Wir wissen, dass Biden eine Sache nicht tun wird: Die Demokraten im Kongress dazu bringen, ein weiteres gigantisches Sozialausgaben-/Klimagesetz zu verabschieden. Ohne Senator Joe Manchin hat er einfach nicht die nötigen Stimmen, und Manchin wird nicht nachgeben. Vielleicht finden sie noch einen Kompromiss, aber der wird nur ein Schatten des ursprünglichen Vorschlags sein.

Manchin will Steuererhöhungen, um alle zusätzlichen Ausgaben zu finanzieren. Senatorin Kyrsten Sinema aus Arizona hat ihre Position, keine neuen Steuern zu erheben, deutlich gemacht. Sie scheint derzeit ganz zufrieden damit zu sein, dass Manchin den Kopf hinhält (Demonstranten, die ihr in die Toilette folgen und sie anschreien, sind nicht gerade geeignet, eine Atmosphäre für konstruktive Gespräche zu schaffen. Schande über sie. Jeder sollte auf der Toilette seine Ruhe haben.)

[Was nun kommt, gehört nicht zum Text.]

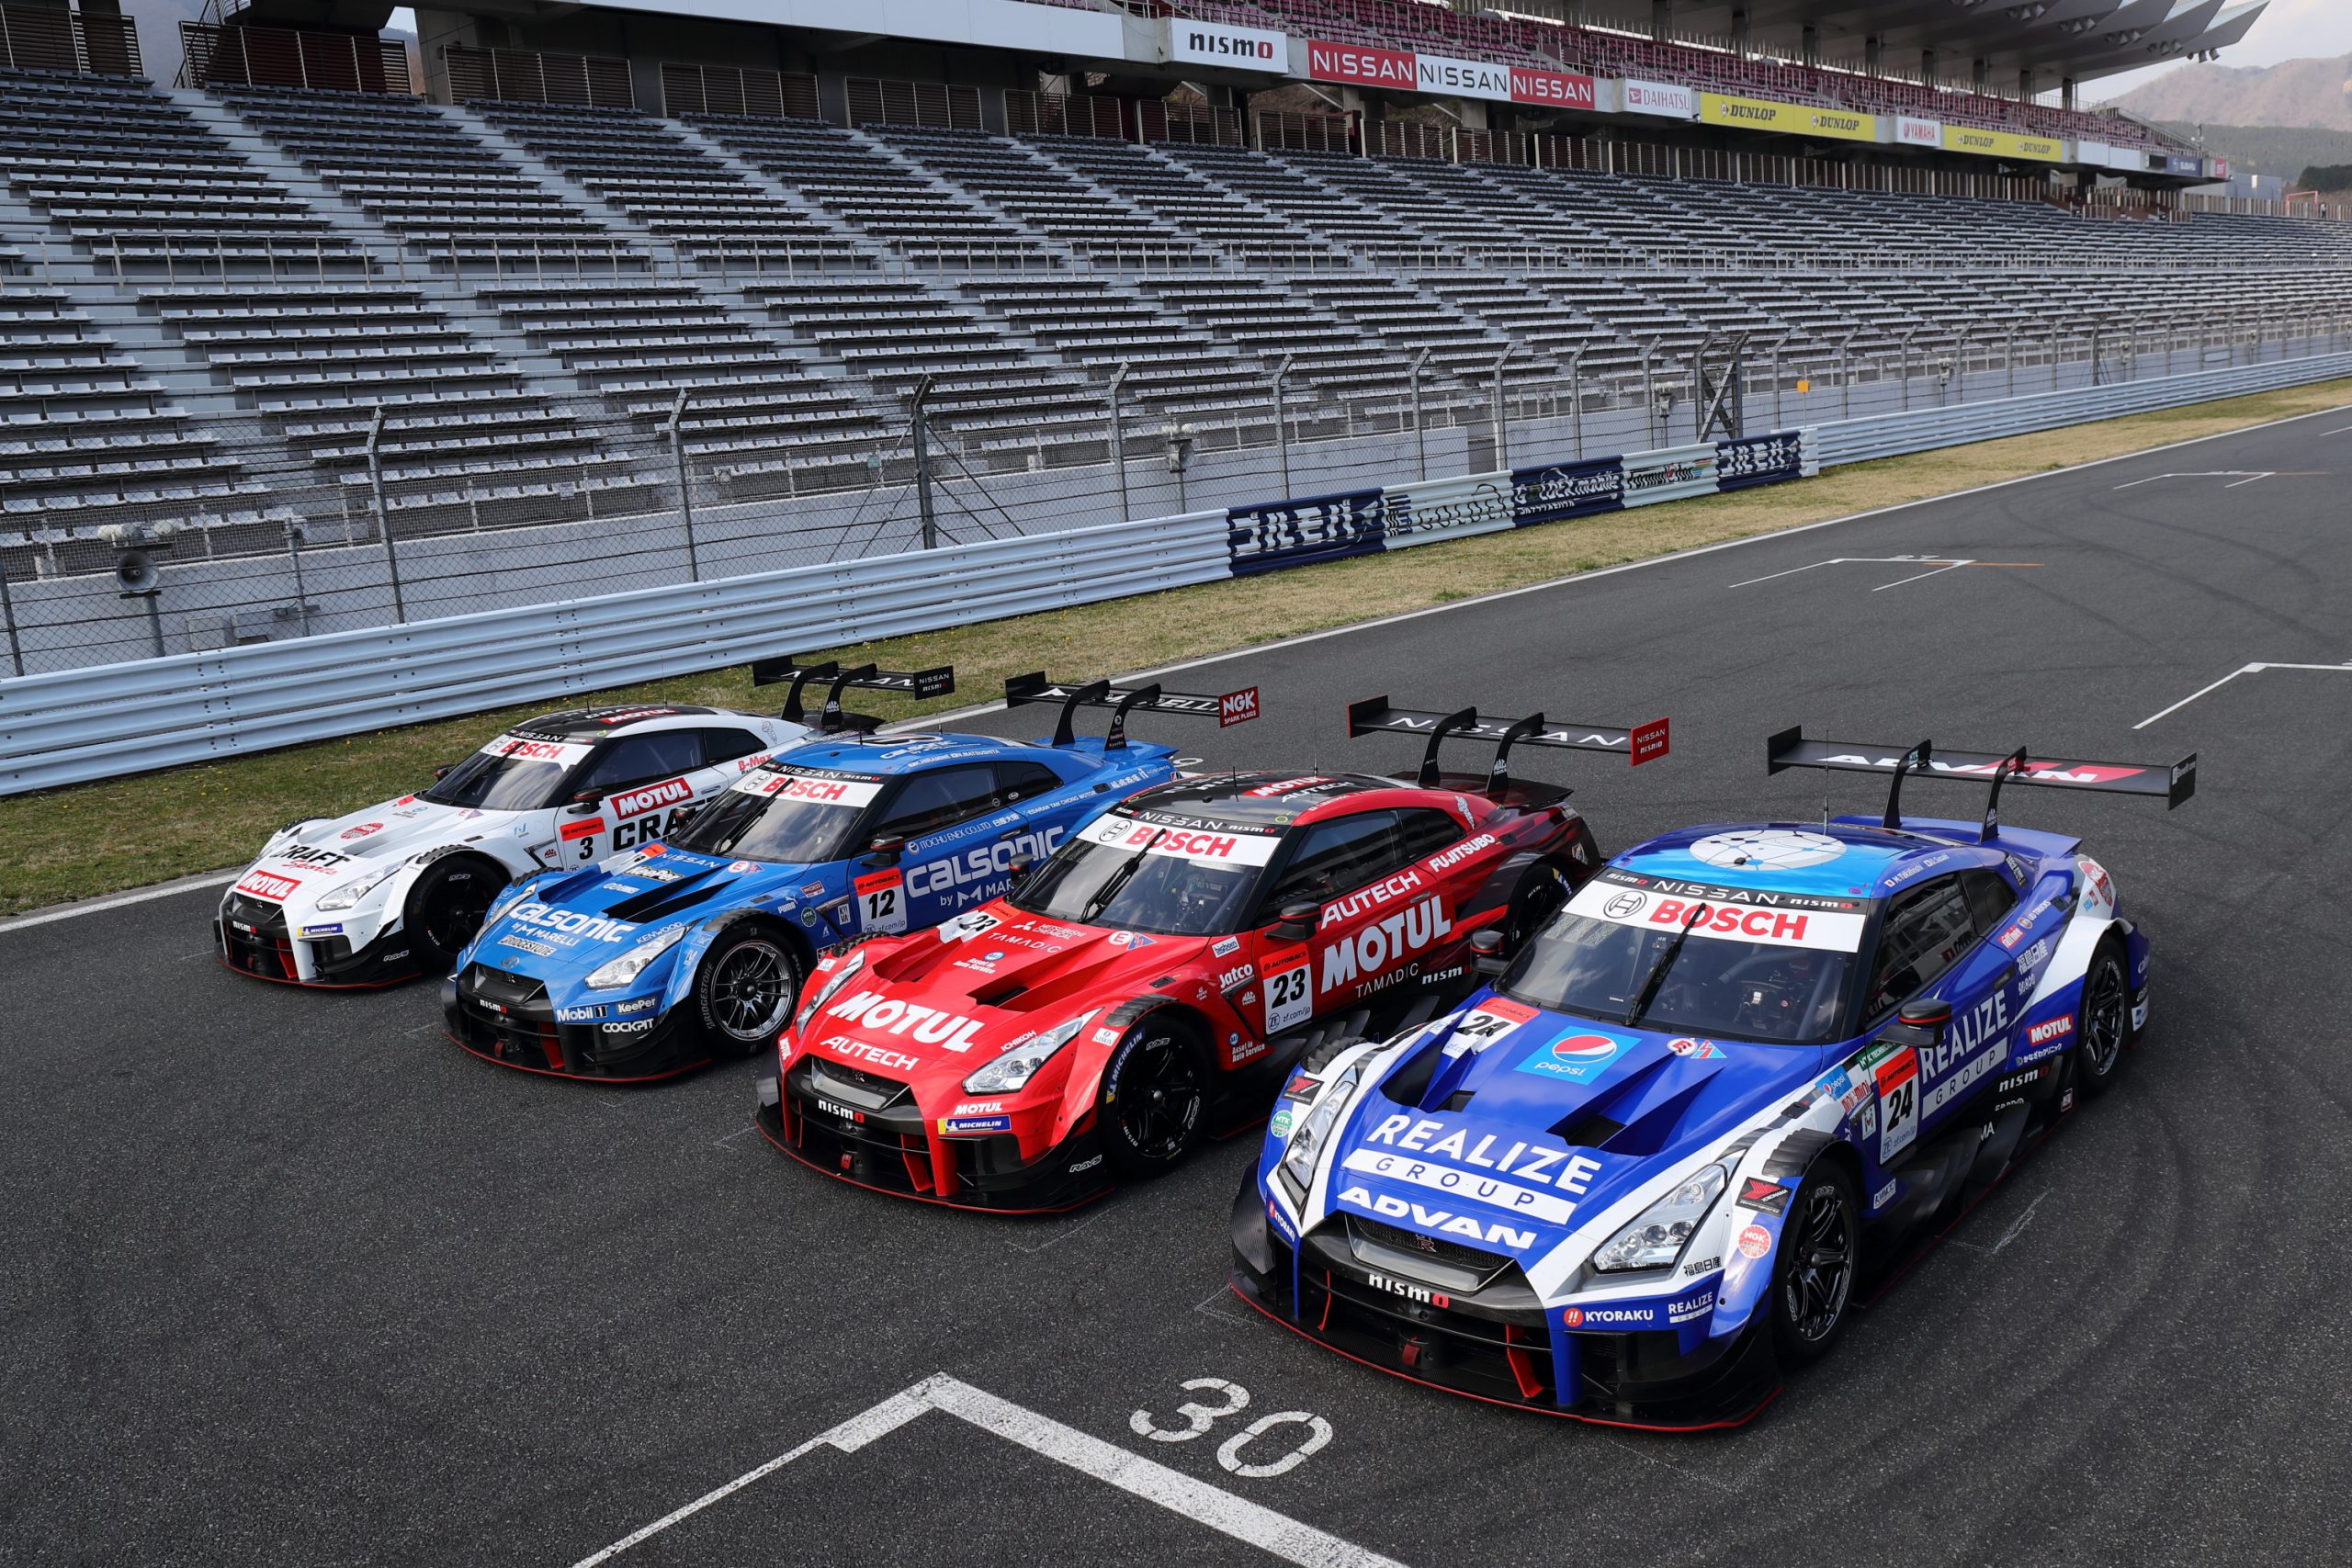 General 2560x1707 Nismo Nissan GT-R NISMO Nissan GT-R race cars race tracks livery Super GT blue cars red cars motorsport car vehicle racing Nissan Japanese cars

Aus Sicht der Inflation ist dies positiv. Es bedeutet, dass wir nicht mehr die Geldspritzen sehen werden, die die Nachfrage nach Gütern so hoch getrieben haben. Dadurch dürfte die Wirtschaft zu normalen Ausgabenmustern zurückkehren - auch wenn dies in gewisser Weise eine neue Normalität sein wird. Das bedeutet auch, dass die staatliche Kreditaufnahme etwas langsamer steigen wird. Das könnte die Last der Fed ein wenig erleichtern.